Sunday, May 5, 2013

Social CRM in the banking and insurance industry


Social CRM has boomed in recent times and plays an increasingly important part on everyone’s screens both private and professional ones, particularly when it comes to mitigating complaints on FMCG, technological appliances, flights, holidays and the like.

But what about industries that are bound by professional secrecy? How does social CRM fit into the banking sector and in how far have insurance companies started to adopt this new paradigm of engaging with their clients?

In the financial services industry, particularly in the banking sector, social CRM seems a touchy subject to start off with. Banks fear about their reputation and clients about their privacy. Nevertheless, social CRM can lead to significant competitive advantages when implemented correctly. Particularly their younger customers, the “generation Y”, will have a tendency to relate to banks in as much as they relate to other brands. Hence, it will be crucial to offer these customers the two-way-communication platforms they will soon expect to be part of their client service experience.

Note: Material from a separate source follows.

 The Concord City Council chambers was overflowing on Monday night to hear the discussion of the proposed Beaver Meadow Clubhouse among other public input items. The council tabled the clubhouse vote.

What is crucial however is the determination of the bank’s strategy in this respect:

-        What exactly are our goals in this respect?

-        How much do we plan to invest?

-        What ROI do we expect?

-        Who are the customers we are trying to target and how do we satisfy their needs?

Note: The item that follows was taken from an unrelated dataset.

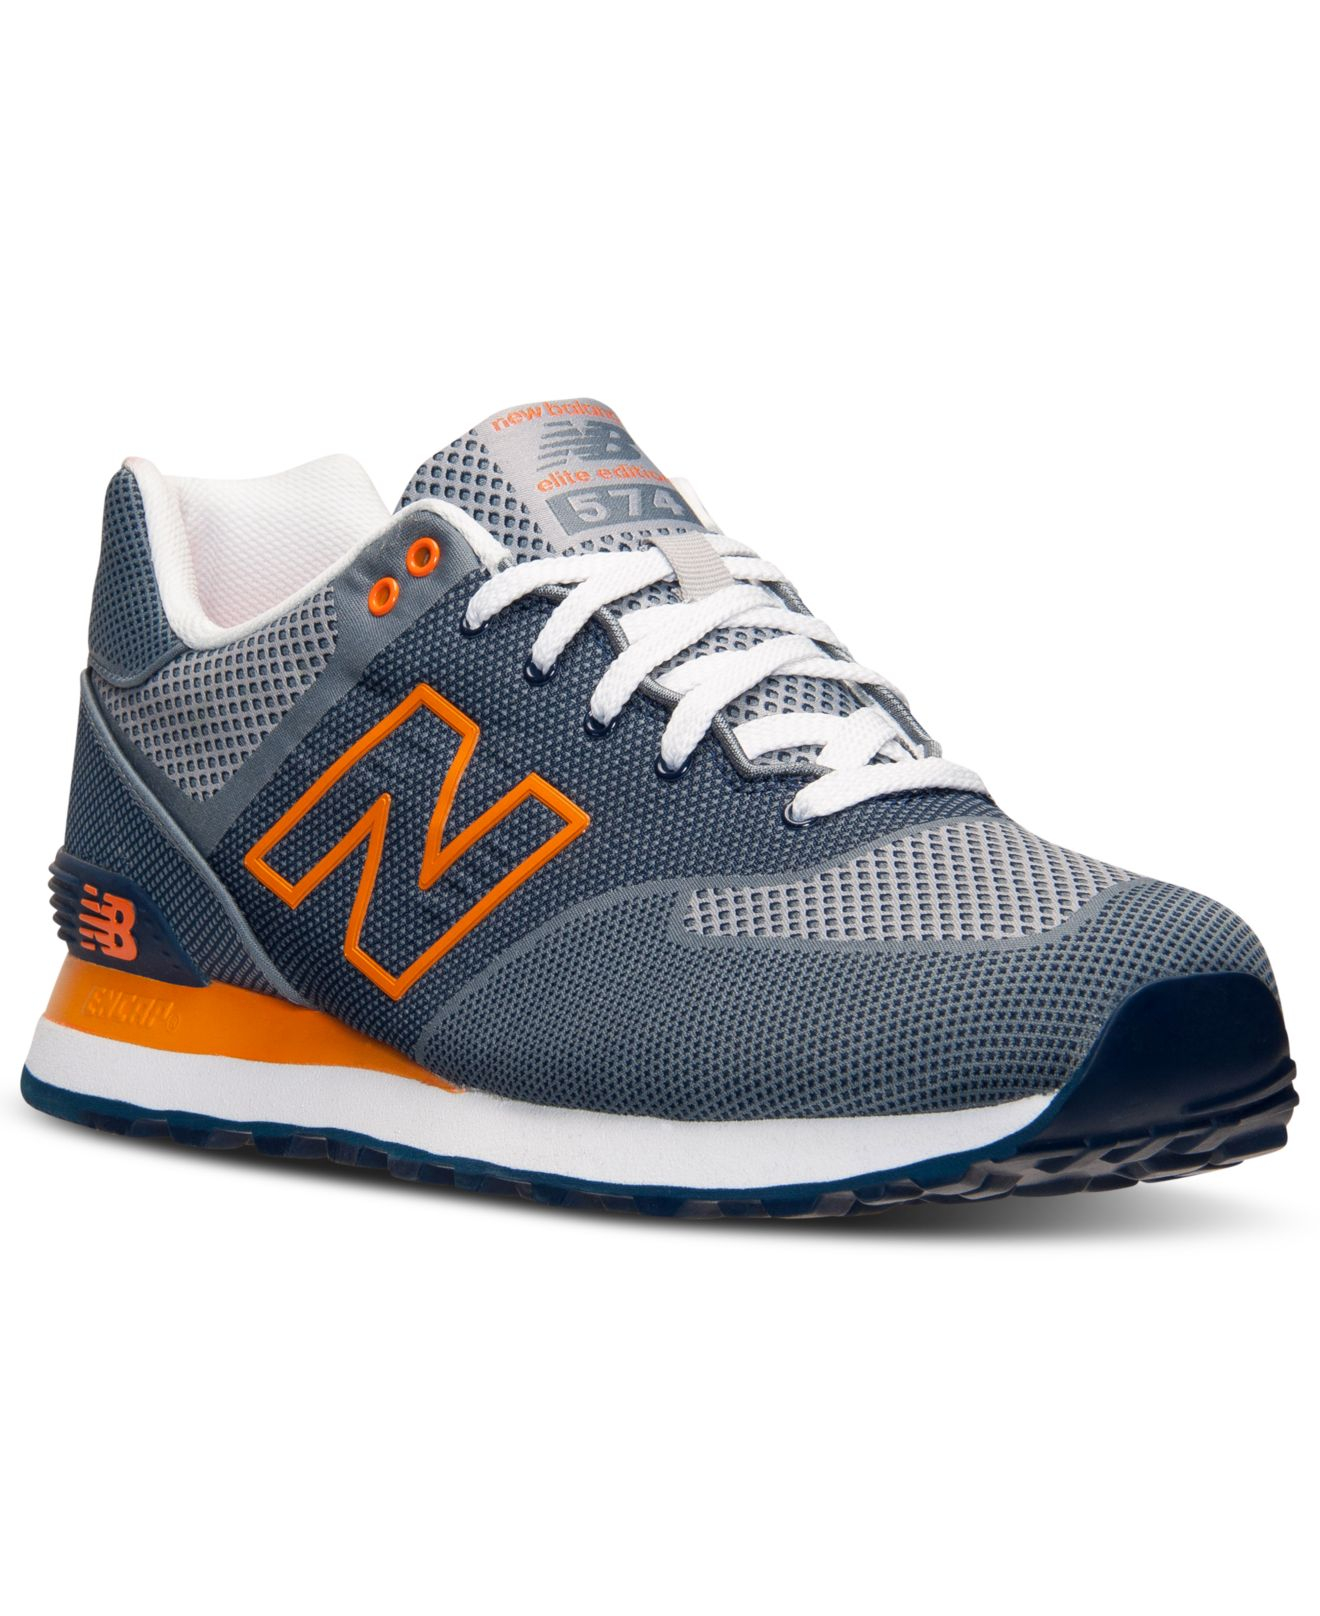 New Balance Men's 574 Woven Casual Sneakers From Finish Line in Slate

-        How do we implement our social CRM initiative and which channels do we use?

The latter could for instance refer to a blog about special deals or providing on-the-spot-customer-assistance. Additionally, the bank could provide trainings or particular advertising campaigns via YouTube and the like.

 

Additionally, it is important to assess any risks the new initiative could bring about:

 

-        How do we test the new system for security purposes?

-        What are the requirements to be fulfilled in terms of regulations and controls?

-        How can we audit the effectiveness of the social CRM initiative?

Finally, the bank will have to clarify some organisational matters, such as:

-        How to communicate the initiative to the market?

-        Does our corporate culture actually support this new paradigm/ are employees sufficiently committed and sociable?

-        Who will be the key staff actively engaging in social CRM?

-        How will the new platform be tested?

-        Has staff received sufficient training to engage in social CRM with confidence, whilst being aware of limitations regarding privacy and confidentiality?

 

In the wake of the financial crisis, rebuilding customers’ trust is key in the banking industry, requiring out-of the-ordinary initiatives to restore clients’ loyalty and to gain market share. Subject to careful implementation, social CRM can provide a competitive edge, as several institutions such as Bank of America, Deutsche Bank and Caja Navarra have already experienced.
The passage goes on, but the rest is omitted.